About Fara Principles
This project is a web scraper which collects Foreign Principles from the website fara.gov.Most of the trick the site uses to evade scrapers has been discovered and is abstracted in the core package. Work being done on the core are usually implemented on the core
branch. There is also the scraper
branch where work on the scraper has be done.
Note:
For better overview of the code please read the ARCHITECTURE_REDAME file which explains some of the components of this project.
Installation
It is considered very good practice to setup a virtual environment before installing apps like this so, please do that. This project is targeted for python2 so please make sure at least python 2.7 is installed on your system. You can download or clone this repo to install the scraper. At your terminal, enter the following commands. You can litrarily copy and paste this commands at your terminal to get this working.
git clone https://github.com/tandalf/fara_principals.git
cd fara_principals
python setup.py install
pip install -r requirements.txt
This install the scraper and it's dependencies.
Scraping Active Principals
After the installation has completed successfull, you can start collecting principal data by running the command below while in the project's directory.
scrapy crawl active_principals -o outputfile.json
where outputfile.json is the path to the file which the principal json lines will be stored.
Running tests
Good test coverage is encouraged for this code base.

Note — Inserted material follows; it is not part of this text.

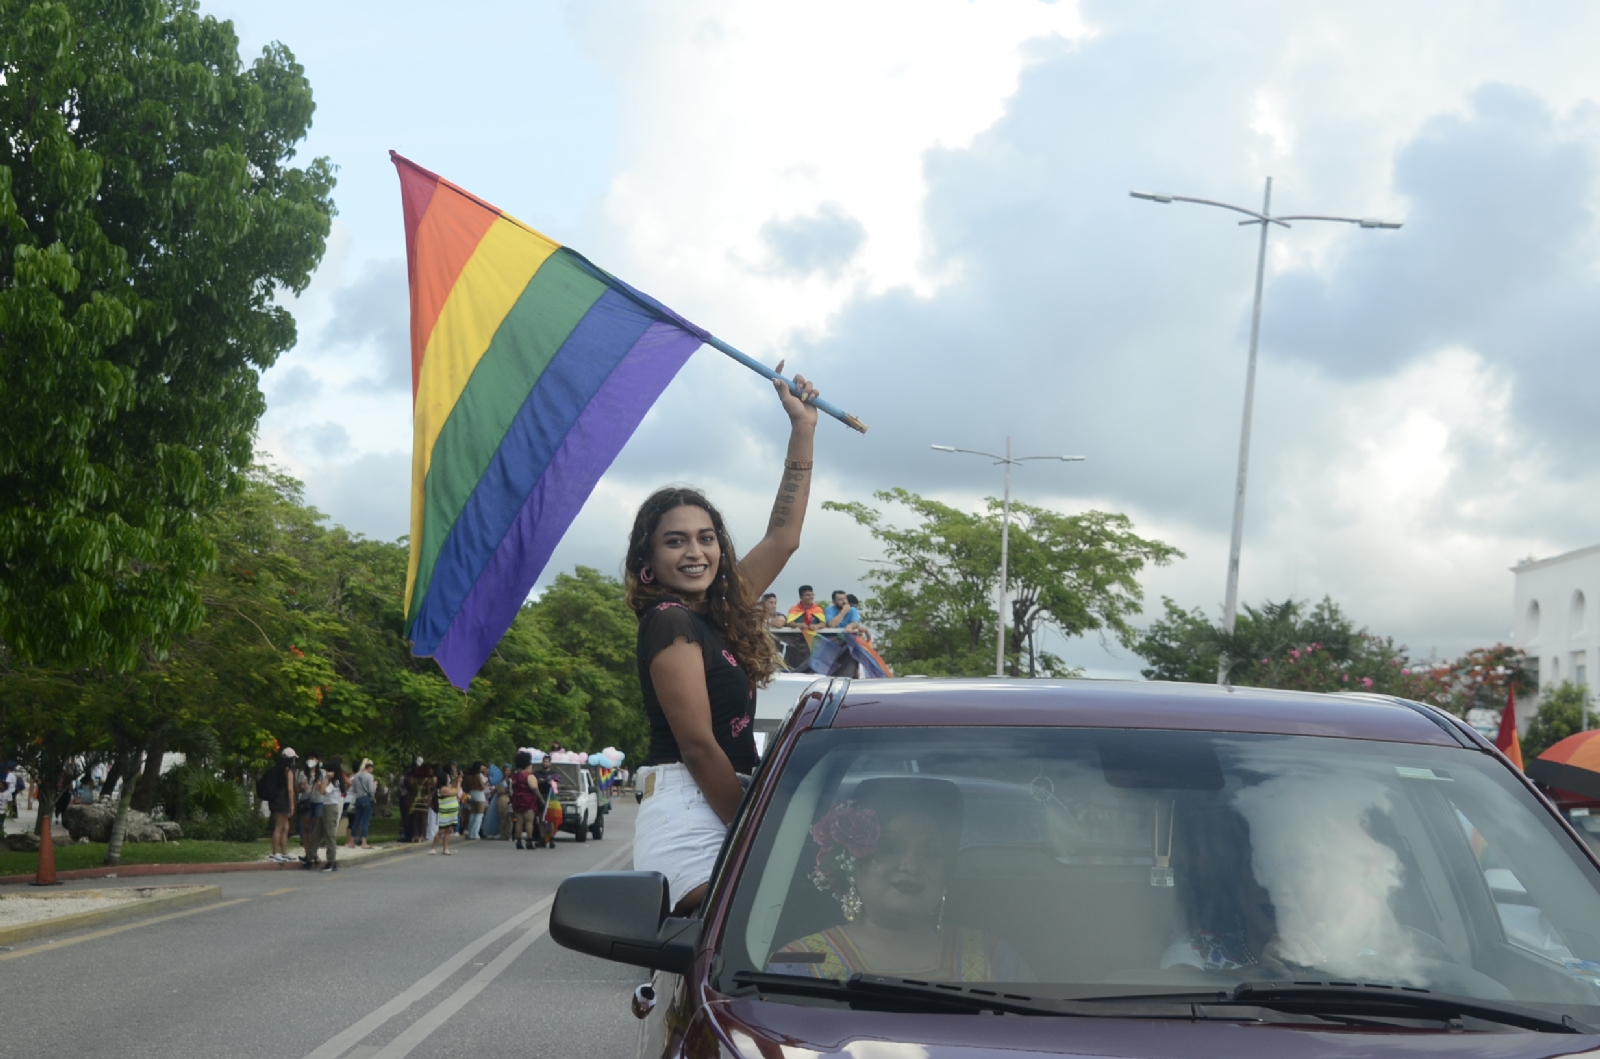 Cancún, entre los cinco destinos gay en México con mayor demanda; aumenta 25% cada año

To run the tests and coverage for the core components, while at the base directory, enter the following commands:
coverage run --source=fara_principals.core -m unittest discover tests/unit
coverage report -m
Requested JSON file
The requested json file for the project is located at the project root and
is named principals.json
Warning
Although the Active Principals Page
claims to have up to 510 Active Principals,
it happens to contain 495 UNIQUE
principals and about ~520 in total if duplicate
requests are permitted. I do not think this problem is from my code (probably some
logic error in their listing), but I'm still very open to scrutiny of my project
to see what I might be missing.
Extra
Due to a tight schedule I might not find time to elaborate MORE on the project in areas including, but not limited to, testing, documentation, and deployment. However, the basics for all these have been provided.